Video Credit: KQED 1999


On Eminent Domain

How do you amass large enough parcels to clear a slum if, in fact, there are hundreds, possibly thousands of owners of the property? One basic piece of legislation was the concept of eminent domain, which is in the Constitution. The government has the right to go in and forcibly take property, with compensation. Regardless of whether the owner wishes to sell the property, they must sell it to the government in order to accomplish some kind of public good. A major element of urban renewal is the right of a local redevelopment agency to use the government's eminent domain powers to gain control of an entire neighborhood, or part of a city. And the role of the Redevelopment Agency, therefore, was to take this land by eminent domain, assemble a large enough parcel, and then give it to a private developer to supposedly do something in the public interest.

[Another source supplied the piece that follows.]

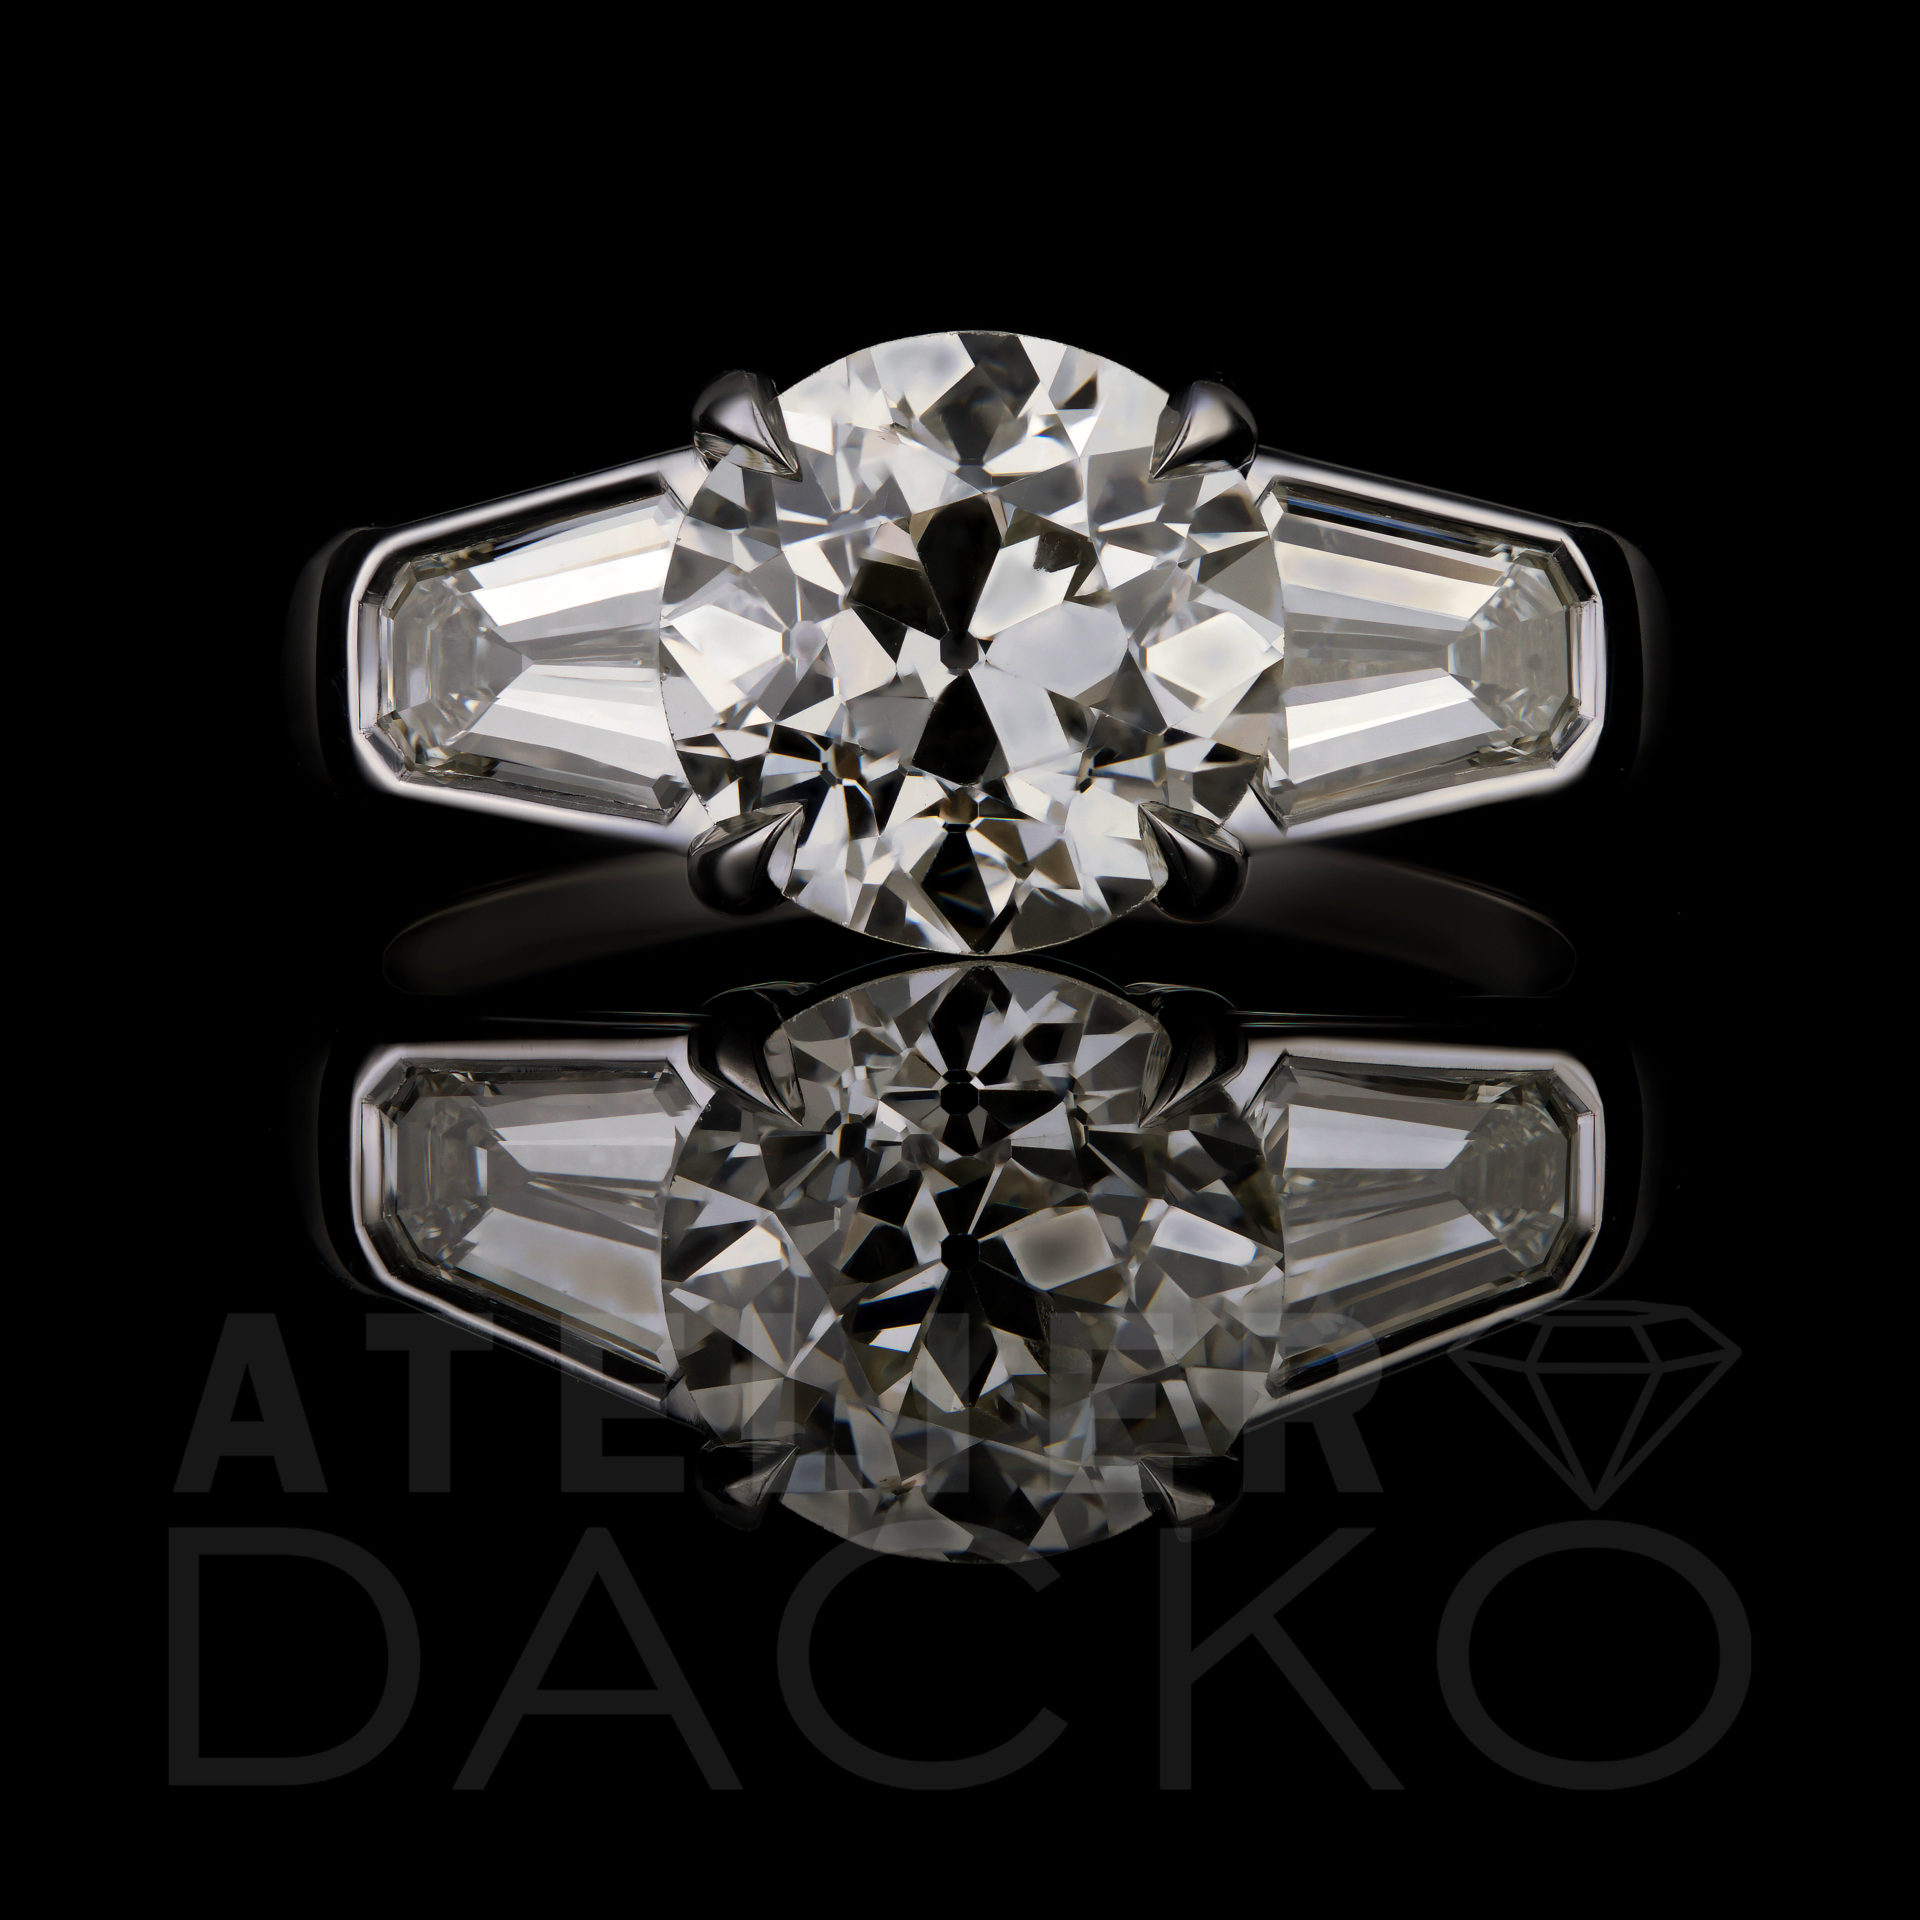 AD013 - 1.91 CT Vintage Inspired Old European Cut Diamond Ring - 1

On the Goals of Redevelopment

The underlying goals were largely economic and not social: to increase the city's tax base, to push out users who were not considered the best use of the land. Many of the areas that were torn down were not necessarily slums by any objective definition. And there were certainly areas that could have been improved rather than cleared. Nor did the redevelopment process in San Francisco take very good care of the people who lived there. Presumably, if you want to clear a slum, it is not just for the benefit of the city, it's for the benefit of the slum dwellers who are being negatively affected by their living conditions. In city after city, there were occasional studies done of what happened to those people afterwards: you would consistently find that people who were displaced were worse off after urban renewal than before. Basically the underlying motive for all of the urban renewal projects in San Francisco was to use the urban renewal powers to get those people out of there and do something better with that land, as far as the city was concerned.


reporter interviewing man
Photo Credit: San Francisco Redevelopment Archives

On Justin Herman

Justin Herman was an extraordinary practitioner of the urban renewal game. He knew the Federal legislation because he had come from the Housing and Home Finance Agency: the equivalent of today's Housing and Urban Development Agency. The Redevelopment Agency was weak and understaffed. Herman knew he had to build a competent and strong agency. He reminds me of Robert Moses in New York, Edward Logue who worked in New Haven, and later in Boston. These were cities that had massive and effective, in the sense of getting a lot done, urban renewal programs, largely because of the talent and aggressiveness of these particular men.